In the ever-evolving and fast-pace world, the pandemic has forced us to stop and breathe. With the ‘work from home’ culture of employment being implemented by various companies in light of the social distancing norms issued by central and state governments, conventional norms of working have undergone drastic change. The quarantine and social distancing measures have forced many small, medium and large businesses, to suspend operations, causing a substantial commercial impact.
To balance the situation, the Government of India has, through various regulatory authorities/ministries, from time to time, relaxed the compliance burden on companies by providing relaxations/extensions under the laws. The Ministry of Corporate Affairs (MCA) has issued various circulars, notifications and FAQs relaxing compliances under the Companies Act 2013 (the 'Act'), in view of this unprecedented pandemic.
The recent developments in the Companies Act, 2013 regime, due to the Covid-19 pandemic, are outlined below.
Matters to be conducted through video conferencing/other audio-visual means
The MCA instructed Companies (Meetings of Board and its Powers) Amendment Rules 2020 inserting sub-rule (2) which provides that for the period beginning from the commencement of the Companies (Meetings of Board and its Powers) Amendment Rules, 2020 and ending on 30 September 2020, the meetings on matters referred to in sub-rule (1) may be held through videoconferencing or other audio-visual means in accordance with rule (3). Therefore, meetings for the following matters can be held through video conferencing or other audio-visual means:
- the approval of the annual financial statements;
- the approval of the board’s report;
- the approval of the prospectus;
- audit committee meetings for consideration of financial statement including consolidated financial statement if any, to be approved by the board under sub-section (1) of section 134 of the Act; and
- the approval of the matter relating to amalgamation, merger, demerger, acquisition and takeover.
Spending Corporate Social Responsibility (CSR) funds for Covid-19
In its Circular dated 23 March 2020, the MCA clarified that spending of CSR funds for Covid-19 is eligible CSR activity. It further clarified that funds may be spent for various Covid-19-related activities under item Nos (i) to (ix) of Schedule VII relating to promotion of healthcare, including preventive healthcare and sanitation, and disaster management. It further stated that the items should be interpreted liberally for this purpose.

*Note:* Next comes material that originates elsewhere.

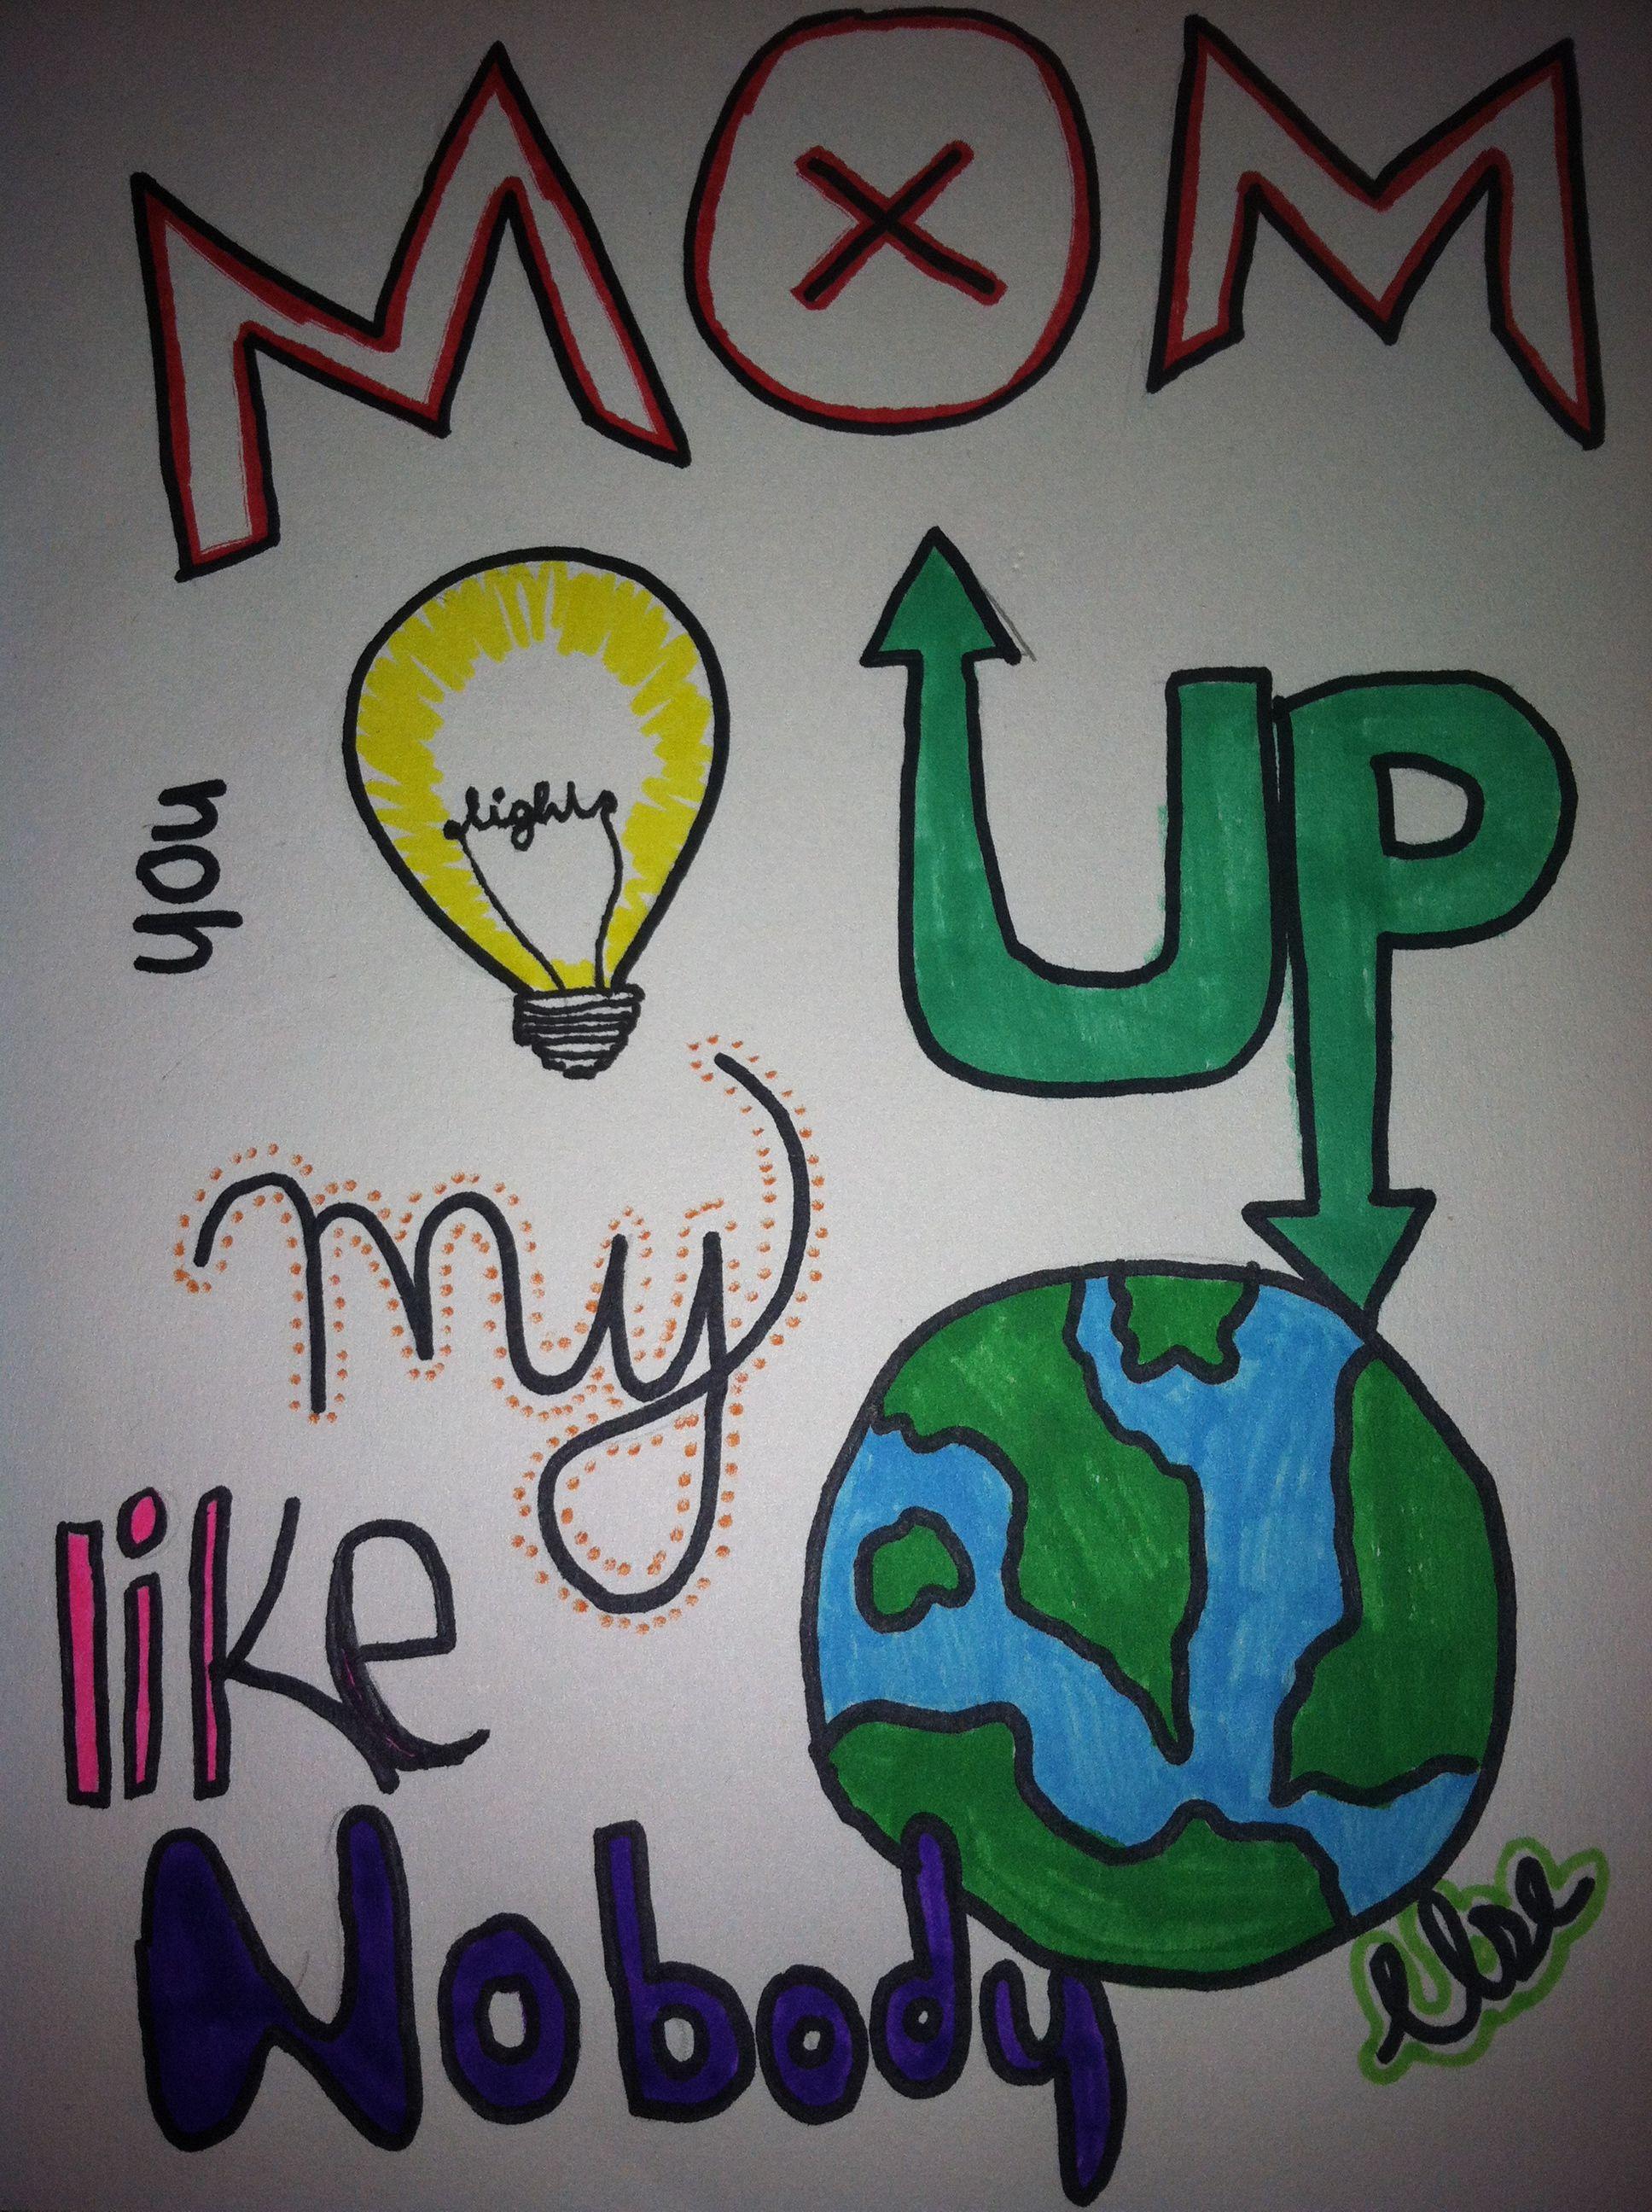 2865dec7f784bac846b6e2338b913a9a » Cute Things To Draw For Your Mom

Special Measures under Companies Act 2013 and Limited Liability Partnership Act 2008
In its Circular dated 24 March 2020, the MCA reduced the compliance risk and other burdens on companies and limited liability partnerships by introducing the following measures:
No additional fees
No additional fees shall be charged for late filing during a moratorium period from 1 April to 30 September 2020 in respect of any document, return or statement required to be filed in the MCA21 Registry, irrespective of its due date.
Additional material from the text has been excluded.